[[ Provided data, beginning ]]

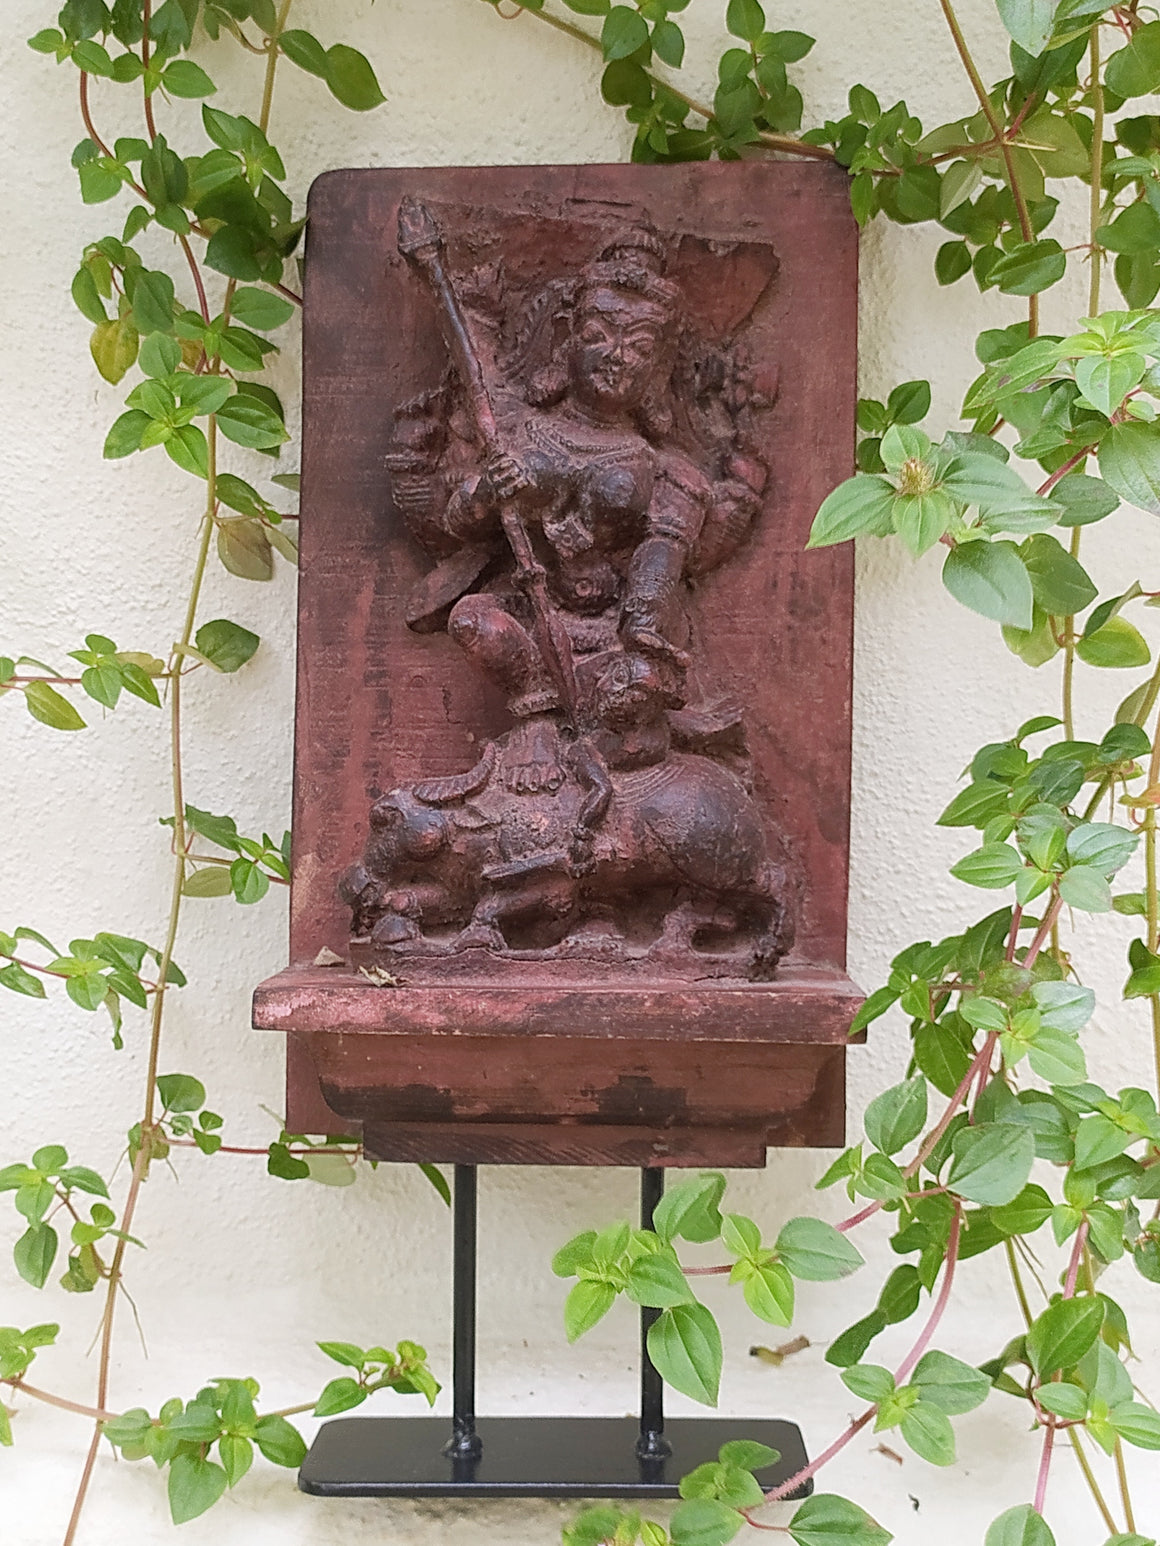 Vintage Wood Carving Of Kali - Goddess of War, Change, Creation, Destruction & Power. Height 48 cm x Width 20 cm
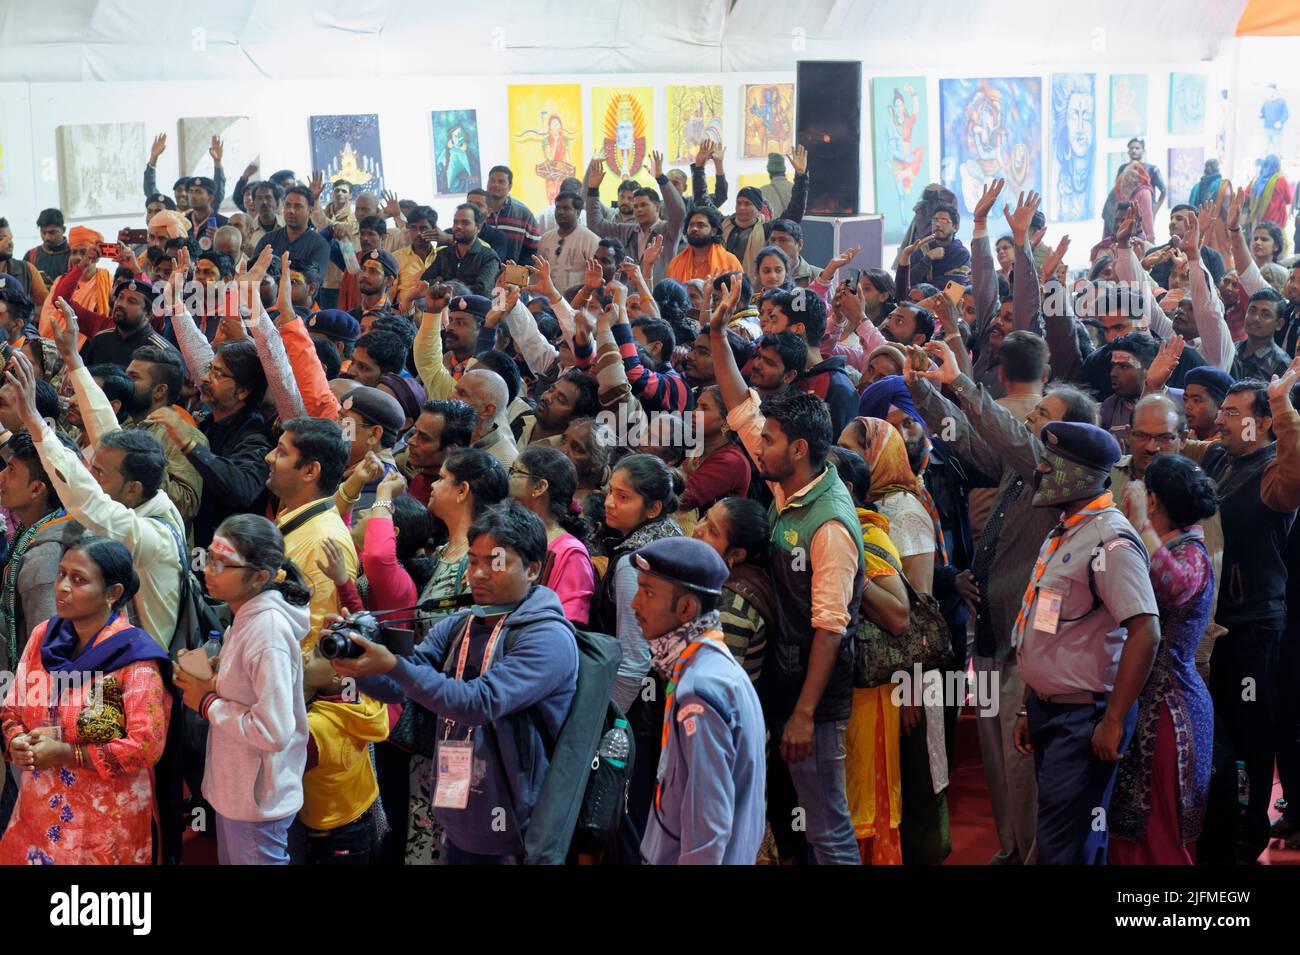 Aclamaciones de la multitud. Templo del grupo comunitario Hijra, Allahabad Kumbh Mela, la reunión religiosa más grande del mundo, Uttar Pradesh, India Foto de stock
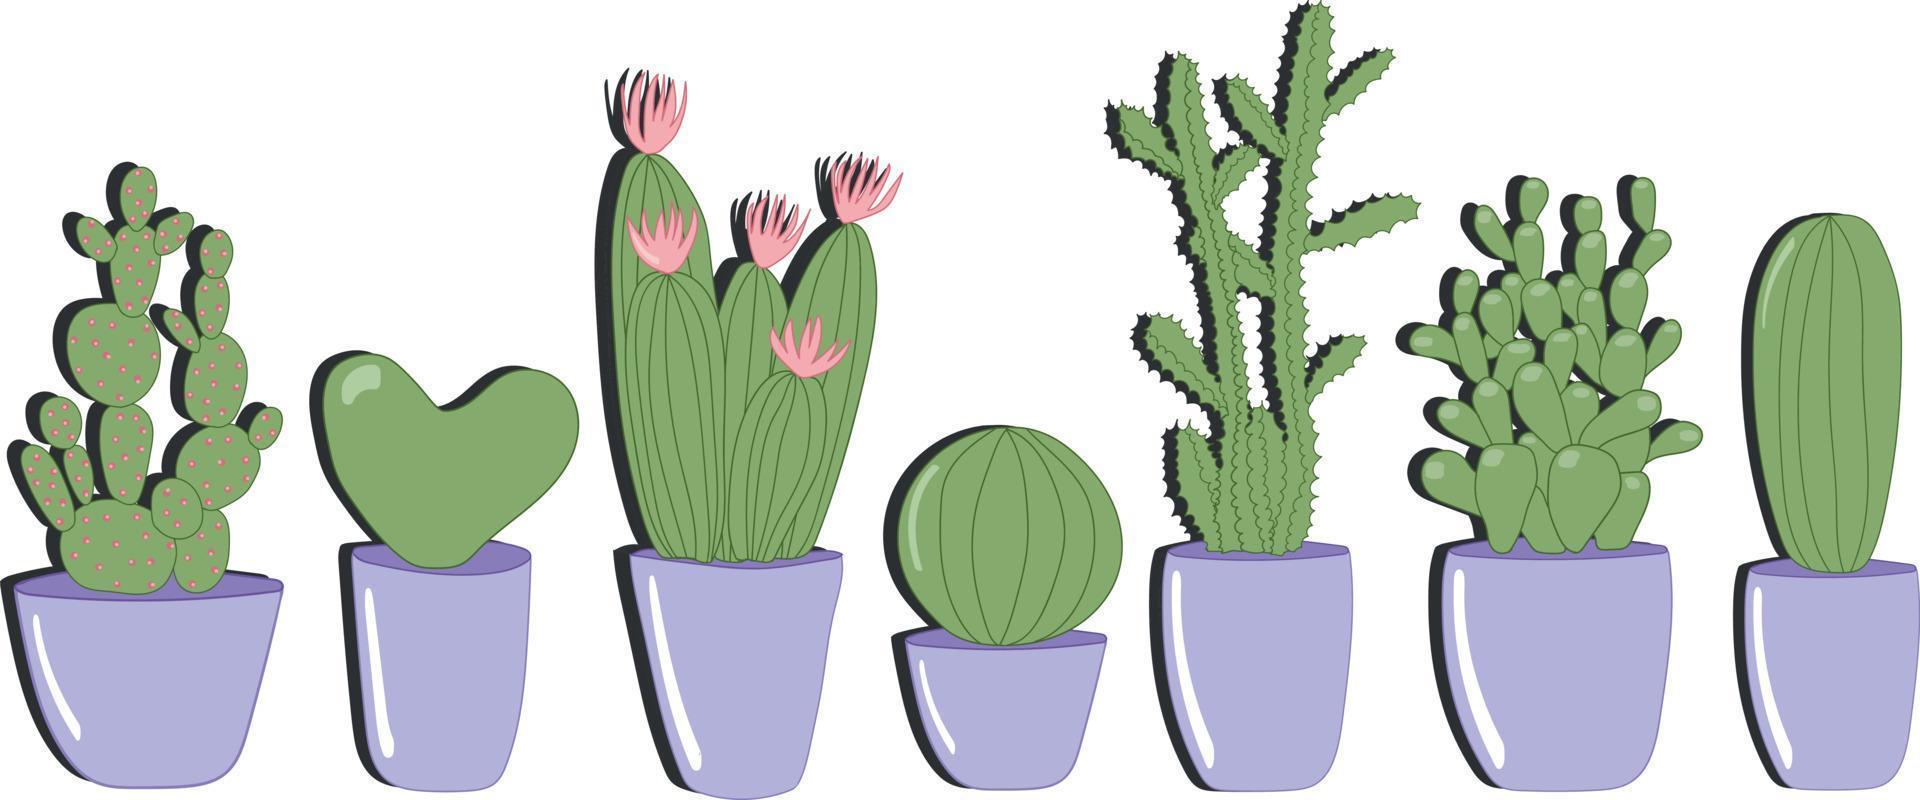 vector grande establece diferentes tipos de cactus en macetas. plantas caseras en macetas aisladas sobre fondo blanco. cactus redondo, cactus de corazón, cactus con flores rosas, cactus afilado.
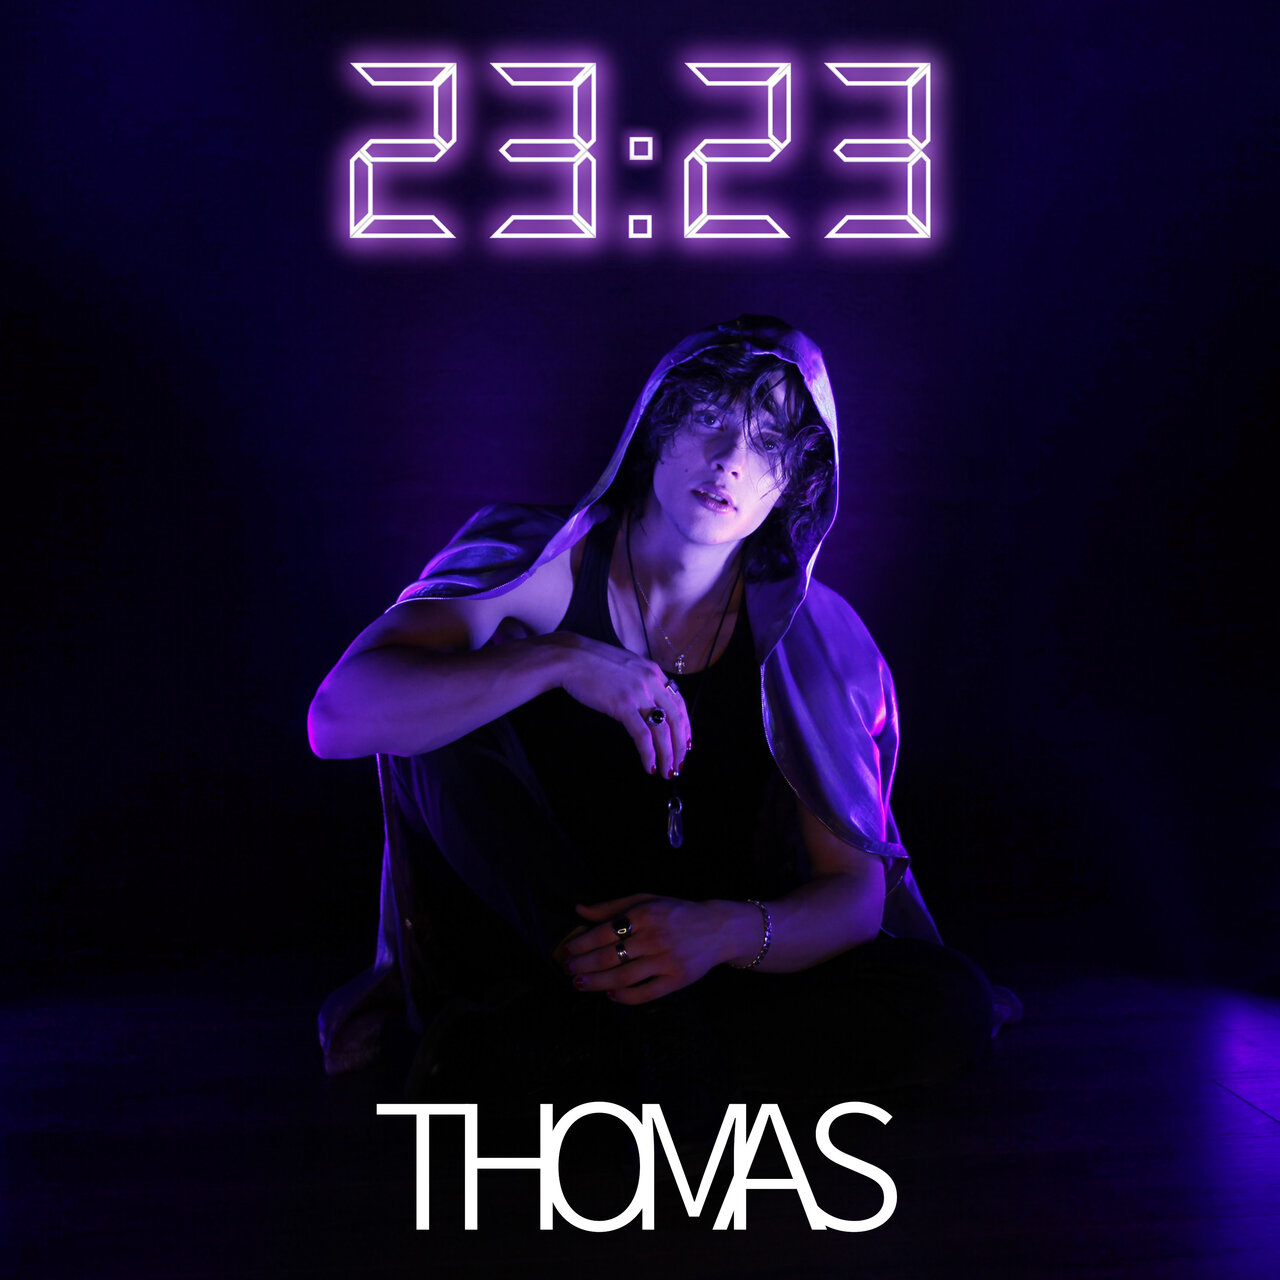 Thomas — 23:23 cover artwork

[[ Provided data, end ]]

Only exact copies are wanted here. Write out the lines from the one containing "Aclamaciones de la" through the end of the material and no others, omitting all pictures.

 Aclamaciones de la multitud. Templo del grupo comunitario Hijra, Allahabad Kumbh Mela, la reunión religiosa más grande del mundo, Uttar Pradesh, India Foto de stock
 vector grande establece diferentes tipos de cactus en macetas. plantas caseras en macetas aisladas sobre fondo blanco. cactus redondo, cactus de corazón, cactus con flores rosas, cactus afilado.
 Thomas — 23:23 cover artwork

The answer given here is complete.